Do to lack of interest...Hizzoner has ruled.  
*This contest will end January 1st! * :lol:


----------



## Aythya (Oct 23, 2004)

I have a fox squirrel tale from a squirrel I shot a couple weeks ago but it is no longer attached to the squirrel. Can I still enter it?


----------



## spentwings (Apr 25, 2007)

Sure...just so the hair is dry and you have a clear photo measurement.


----------



## Remedyman (Dec 27, 2009)

Hope this won't be my last entry, but here is an entry for Fox Squirrel.


----------



## blowgunner62 (Nov 23, 2008)

Here's another entry for the Fox Squirrel division.

Shot with a Gamo Hunter 220 air rifle, head shot. 13 inch tail, base to tip.


----------



## spentwings (Apr 25, 2007)

A gentle reminder...contest will end 1/1/10. :beer:


----------



## Remedyman (Dec 27, 2009)

blowgunner62 said:


> Here's another entry for the Fox Squirrel division.
> 
> Shot with a Gamo Hunter 220 air rifle, head shot. 13 inch tail, base to tip.


HEY!! How you start the measurement makes a difference, looks like a free inch on this one.


----------



## Aythya (Oct 23, 2004)

Here is my entry.


----------



## spentwings (Apr 25, 2007)

Remedyman said:


> blowgunner62 said:
> 
> 
> > Here's another entry for the Fox Squirrel division.
> ...


True..but it's immaterial at the moment with Aythya in the lead and no...you can't stretch tails even without the bone. :lol:


----------



## Remedyman (Dec 27, 2009)

I can protest all I want, where is my metric tape measure damit?!?! Make it look like a 20 inch tail then ;-)

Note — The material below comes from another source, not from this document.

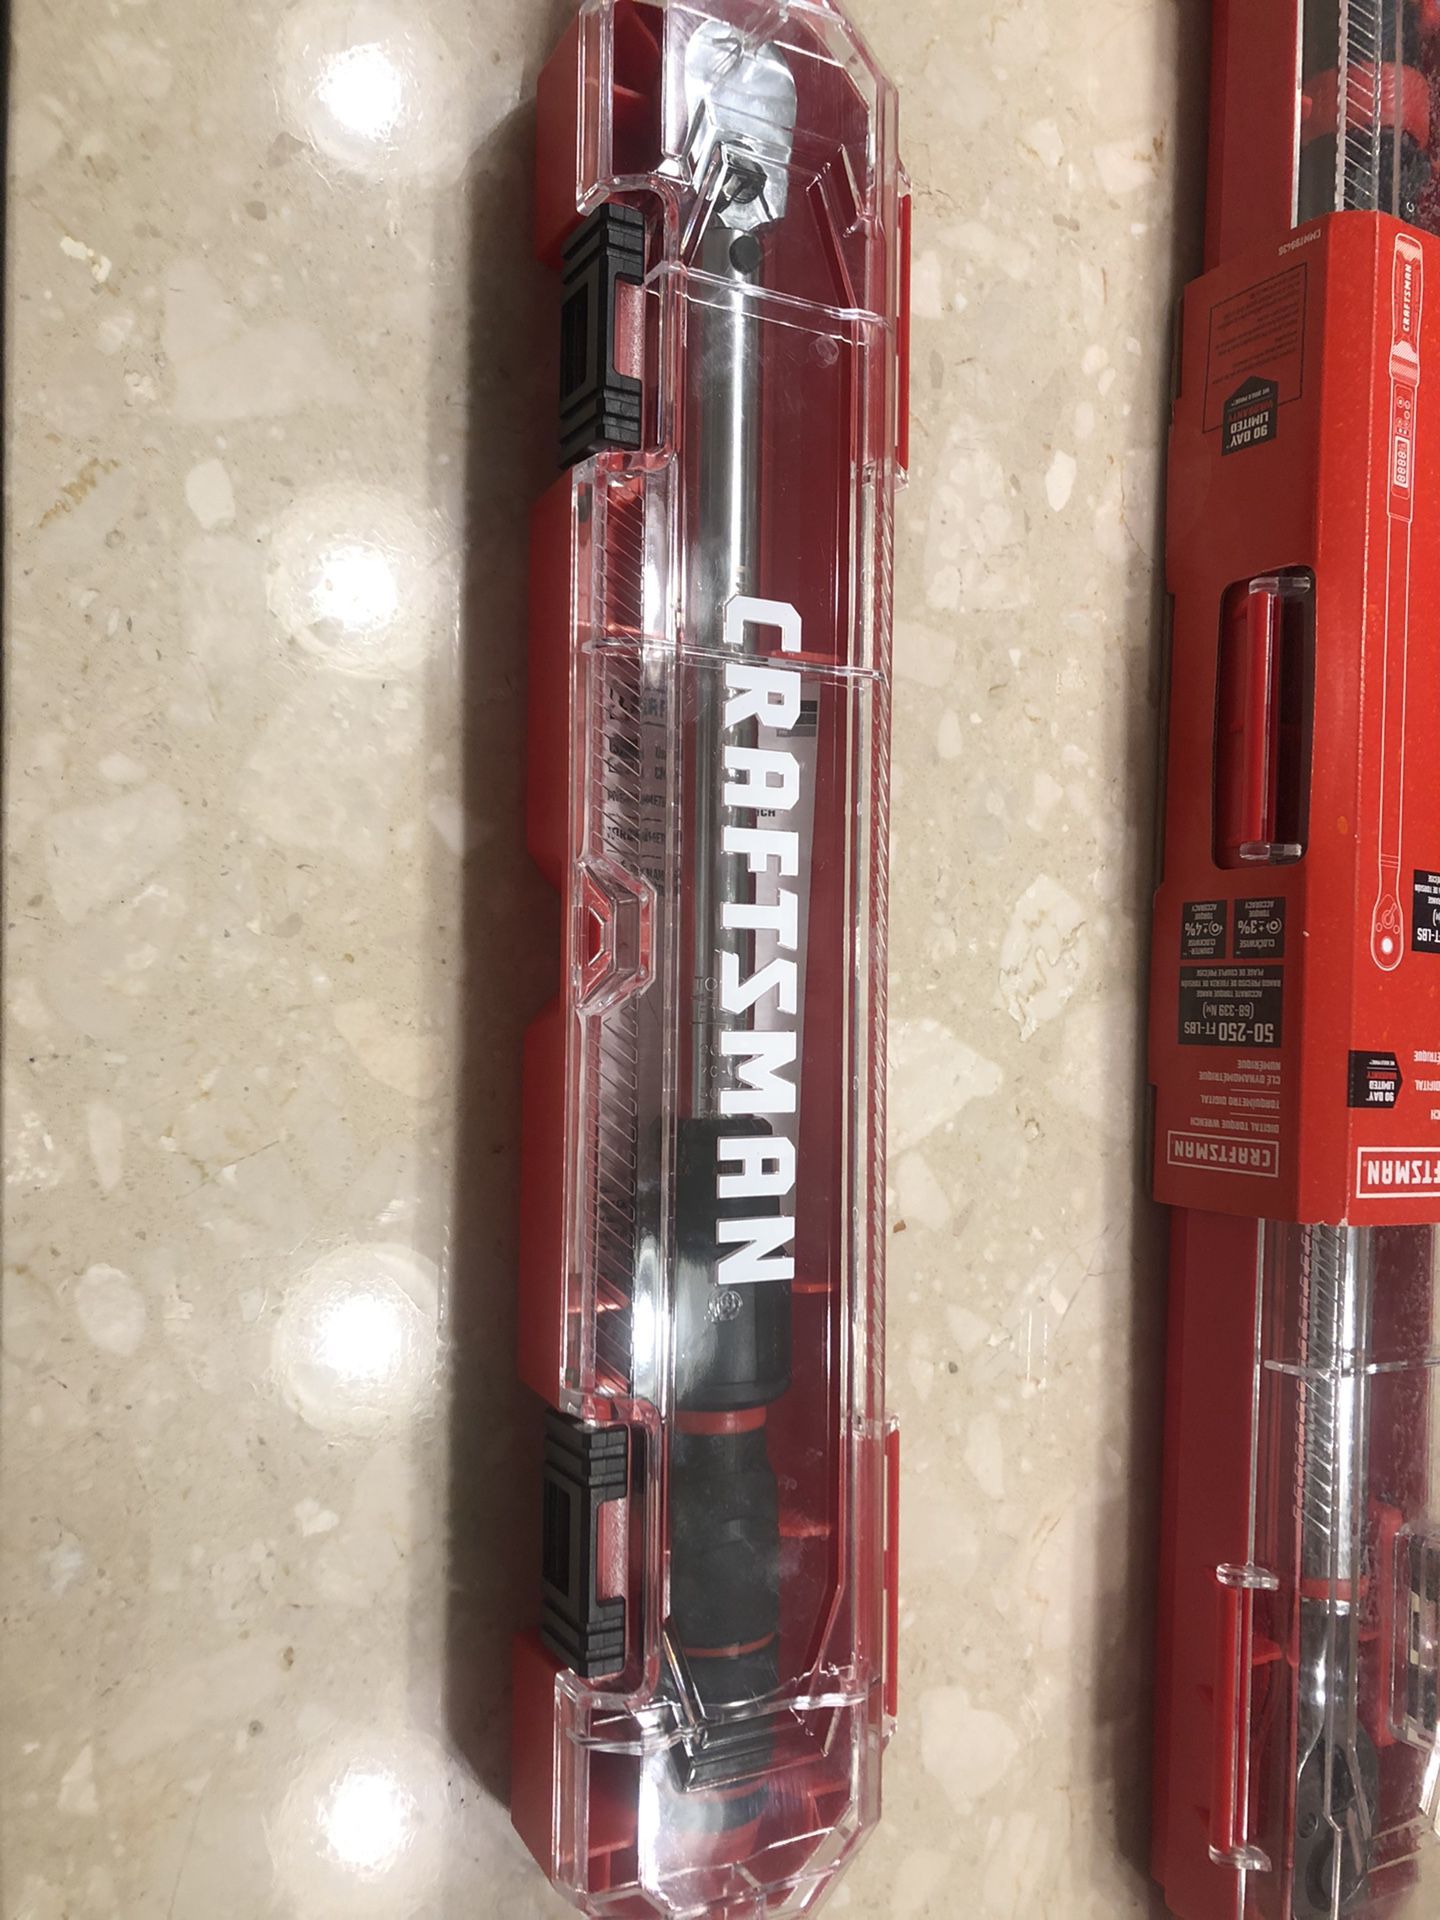 Craftsman 3/8 drive TORQUE WRENCH

It is all good. I am running outta time to get in on this, and I don't know of ANY gray squirrels in my area.


----------



## spentwings (Apr 25, 2007)

Hizzoner says all protesters should go to Iran where in grand scheme of things it might do some good. :lol: 
Seriously...I might do it again next season with prizes that could increase interest like the notorious lamp from _A Christmas Story_.


----------



## Aythya (Oct 23, 2004)

Wow! The Old Man's Major Award. Now that would be a prize.

Our squirrel season closes in a couple days. Might not get out again but am going to try. But next season will be really exciting as I am having a custom .32 cal Pennsylvania flintlock made just for squirrels and rabbits.


----------



## spentwings (Apr 25, 2007)

The contest is over and Hizzoner has declared Aythya the winner...congratulations!
He will receive a certificate suitable for framing stating thus along with assorted targets to increase his .32 cal skills.
The other two contestants will receive 2 targets and a certificate of membership in the O.S.H.S.
Thanks for participating guys!!...PM your addresses within a week...if the winner isn't heard from...the next longest tail will take top prize.


----------



## Aythya (Oct 23, 2004)

Thanks for the award. Really nice certificates.

Just sent you a PM. Let me know if you received it.


----------



## blowgunner62 (Nov 23, 2008)

This measurement was taken from the base of the tail, where it connects to the squirrel.


----------



## spentwings (Apr 25, 2007)

It's all good blowgunner...your so called disputed entry would have been a solid 2nd place anyway. :beer:


----------



## Rev_William (May 4, 2010)

You going to be running another contest this year spentwings ? I know I'm a little early but I've got about 5 weeks til squirrel and rabbit season opens here in Colorado and reading your post again is making it a long wait :lol: :lol: .


----------